Carta ao Leitor: A tolerância salva
A reportagem sobre transgêneros integra uma linha nobre do jornalismo de VEJA, que sempre dedicou especial atenção às mudanças de comportamento na sociedade
Durante quatro semanas, a repórter Giulia Vidale, de 27 anos, mergulhou no mundo dos transgêneros, assim chamados os homens e mulheres que não se identificam com seu sexo biológico. Nesse período, Giulia ouviu estudiosos e especialistas da área da saúde — psiquiatras, psicólogos, endocrinologistas — e, na etapa mais sensível de sua apuração, acompanhou famílias com filhos transgênero. E foi no contato da jornalista com as famílias que sua reportagem tomou a forma final, como se pode ver na reportagem sob o título “A saga de ter um filho transgênero”.
Giulia constatou que os adolescentes e adultos trans faziam questão de dar seu depoimento e não se intimidavam em revelar o nome ou posar para fotografias. Diz ela: “Eles lutam pela diversidade, esforçam-se para ser reconhecidos em sua nova identidade”. Mas as entrevistas com os pais e mães de filhos trans mostraram-se mais tormentosas. “Com os pais, foi mais complicado”, afirma. Giulia percebeu que alguns dos pais tinham receio de aparecer como se fossem militantes da causa dos transgêneros. Outros também temiam ser publicamente criticados por terem filhos trans.
Diante disso, ampliou-se o leque da reportagem. Em vez de retratar tão somente a vida dos transgêneros, a matéria ocupou-se em abordar sobretudo a saga dos pais e mães de filhos trans, que consiste, na quase totalidade dos casos, em um turbilhão emocional em que se misturam susto e medo, revolta e culpa — e que, nas situações mais felizes, termina em respeito e tolerância. Os estudos mostram que, de modo geral, os transgêneros exibem alta incidência de transtornos mentais e enormes taxas de suicídio. Os mesmos estudos mostram que nada disso acontece com os transgêneros que contam com a compreensão, o apoio e o amor da família — num sinal eloquente de que a tolerância salva.

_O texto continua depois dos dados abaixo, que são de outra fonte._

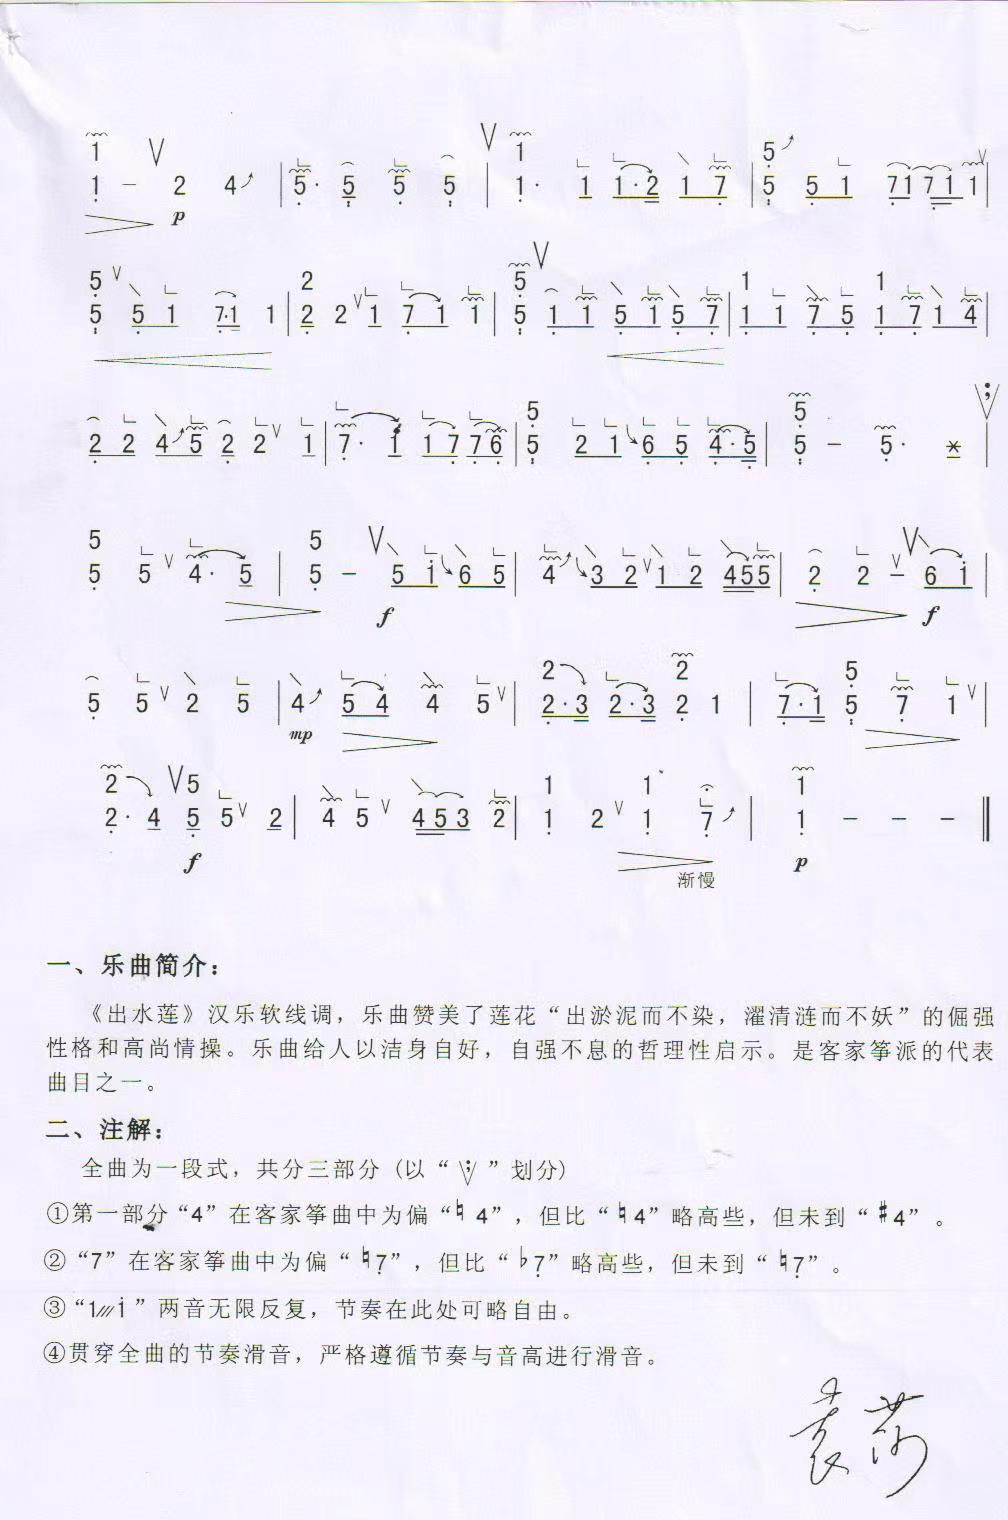 古筝曲《出水莲》袁莎版完整简谱-静静老师教学演奏
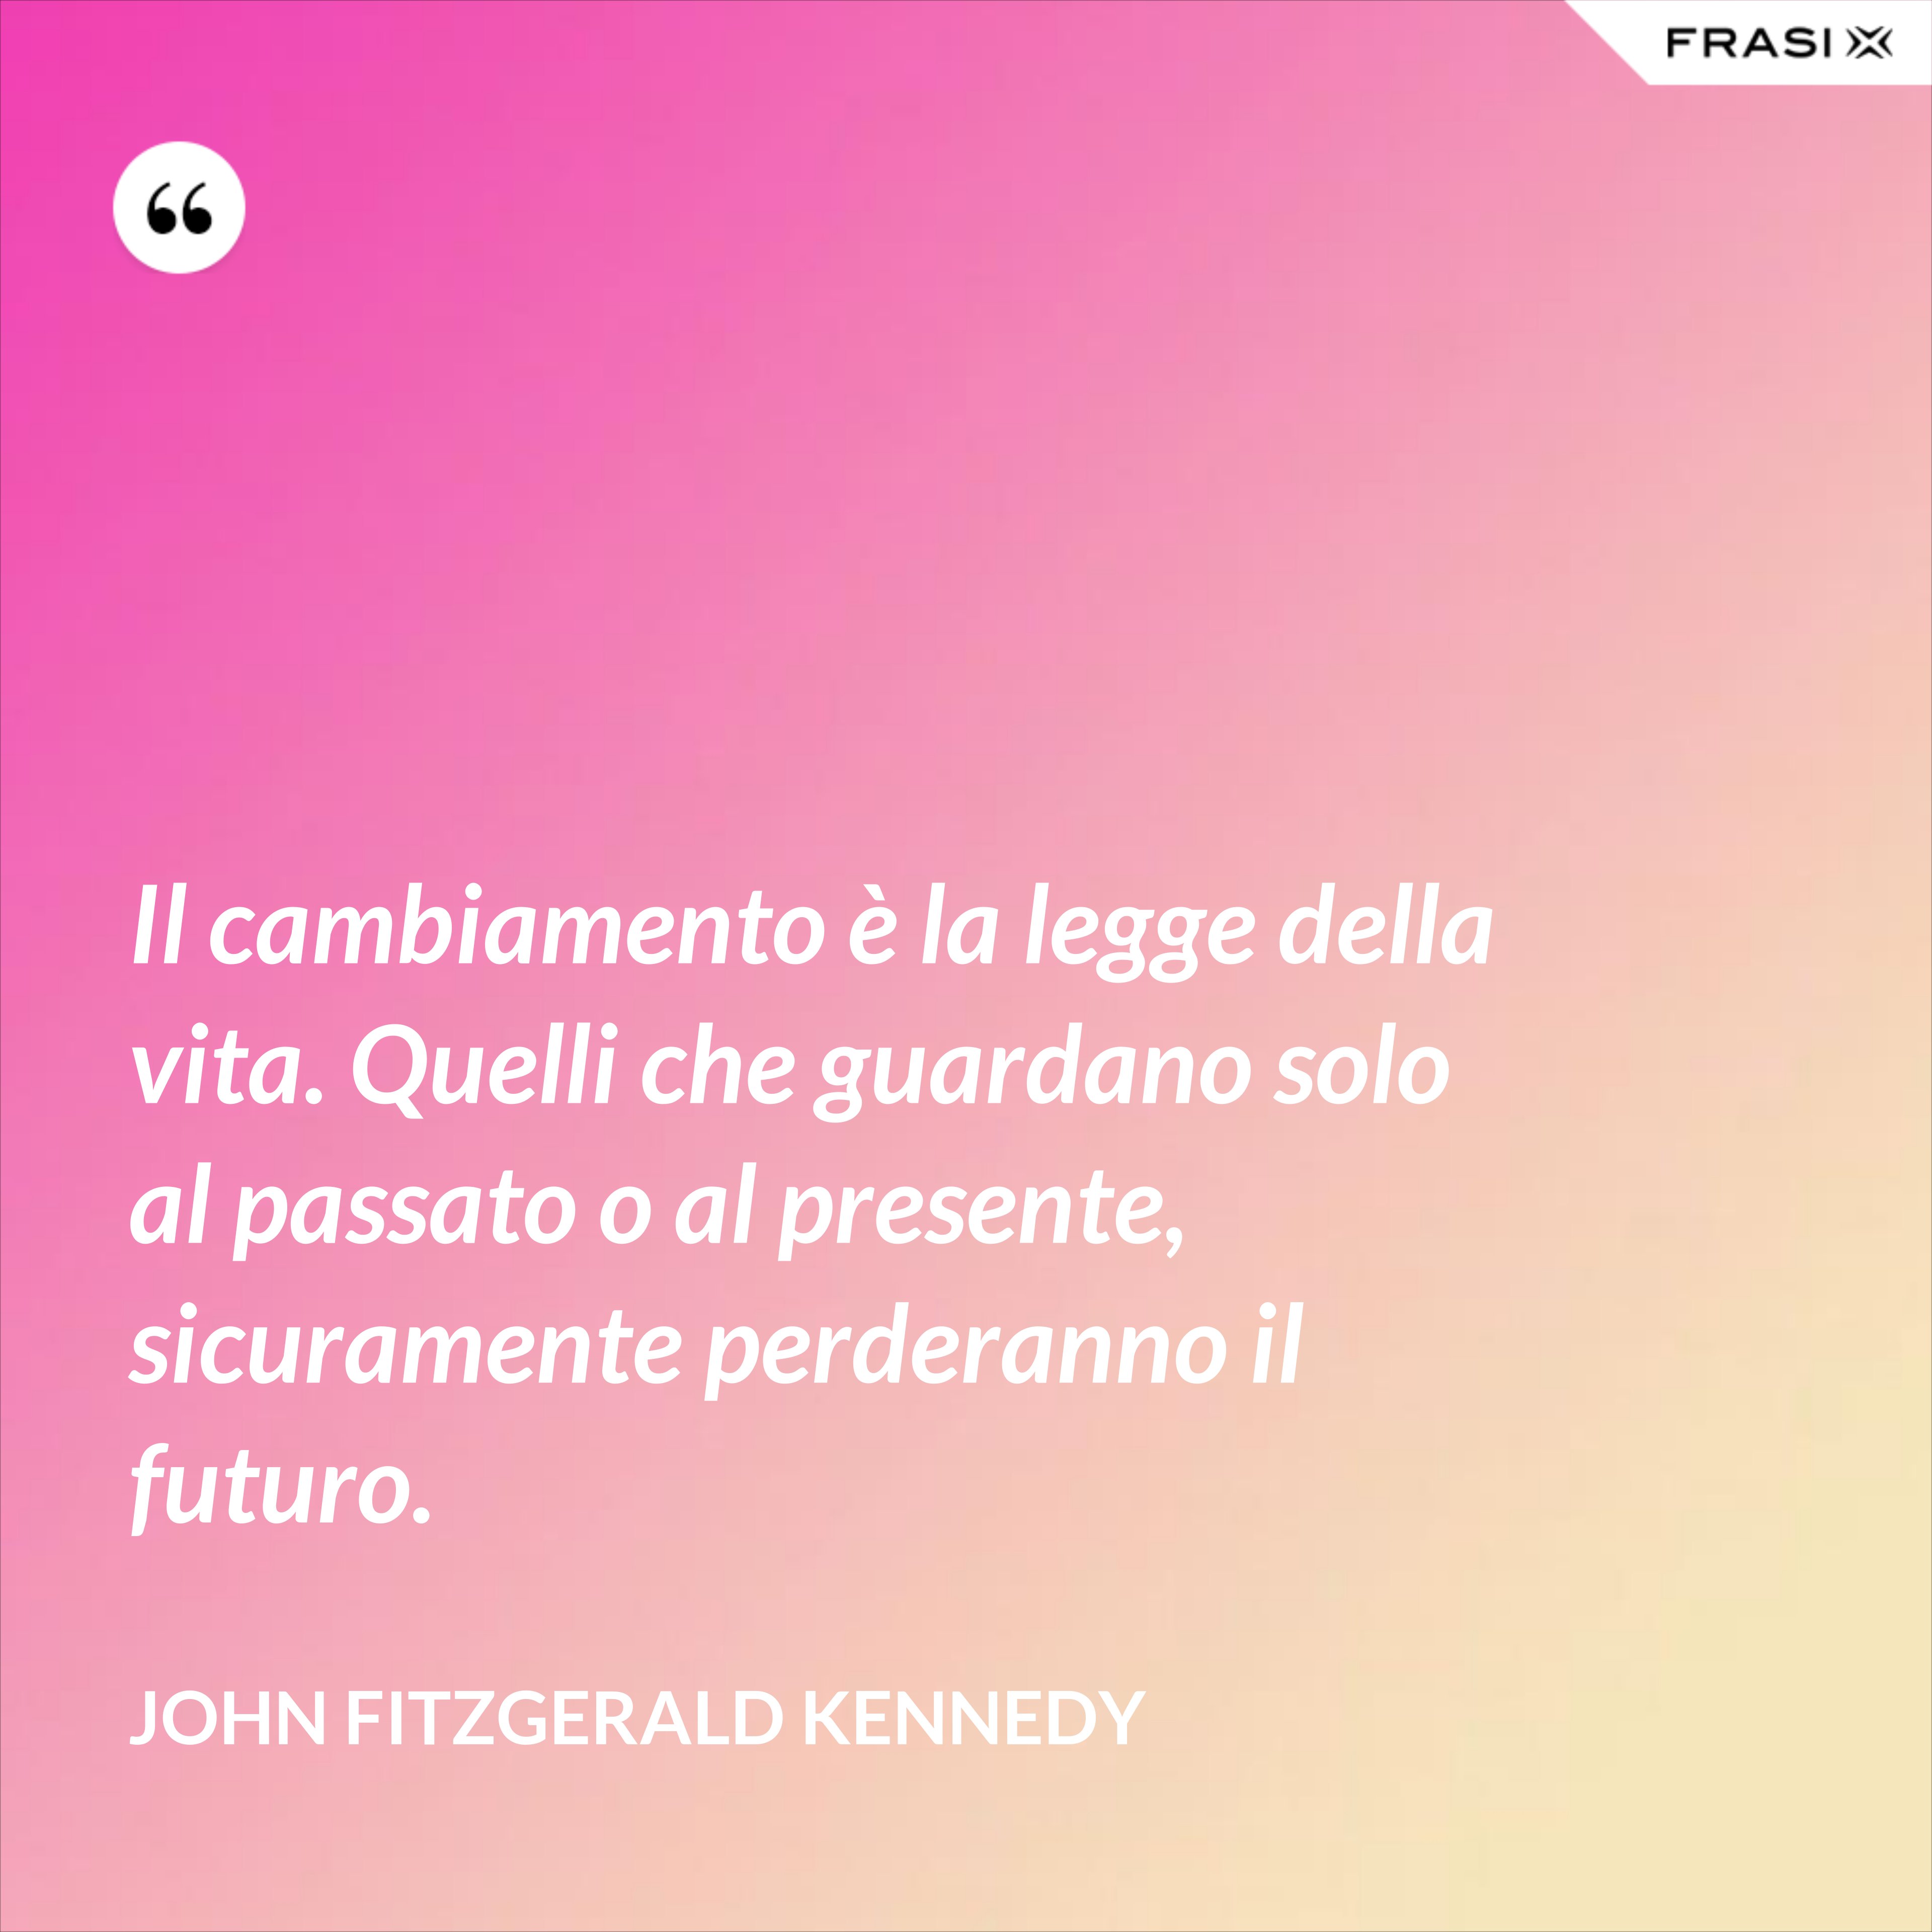 Il cambiamento è la legge della vita. Quelli che guardano solo al passato o al presente, sicuramente perderanno il futuro. - John Fitzgerald Kennedy

A reportagem sobre transgêneros integra uma linha nobre do jornalismo de VEJA. Em seus quase cinquenta anos de história, a revista sempre dedicou atenção privilegiada às mudanças de comportamento da sociedade, com a motivação de entendê-las e levá-las aos leitores, como demonstram as capas reproduzidas ao lado. Ali, estão reportagens sobre a força dos jovens (1984), a realidade dos gays (1993), o impacto do Facebook (2011), as mulheres que preferem não ter filhos (2013) — e a diluição, entre os mais jovens, das fronteiras entre os gêneros masculino e feminino (2016), tema que já prenunciava o assunto desta edição.
Aos pais e mães que concordaram em contar suas histórias e as de seus filhos, bem como aos transgêneros que receberam a reportagem, VEJA agradece o gesto de confiança.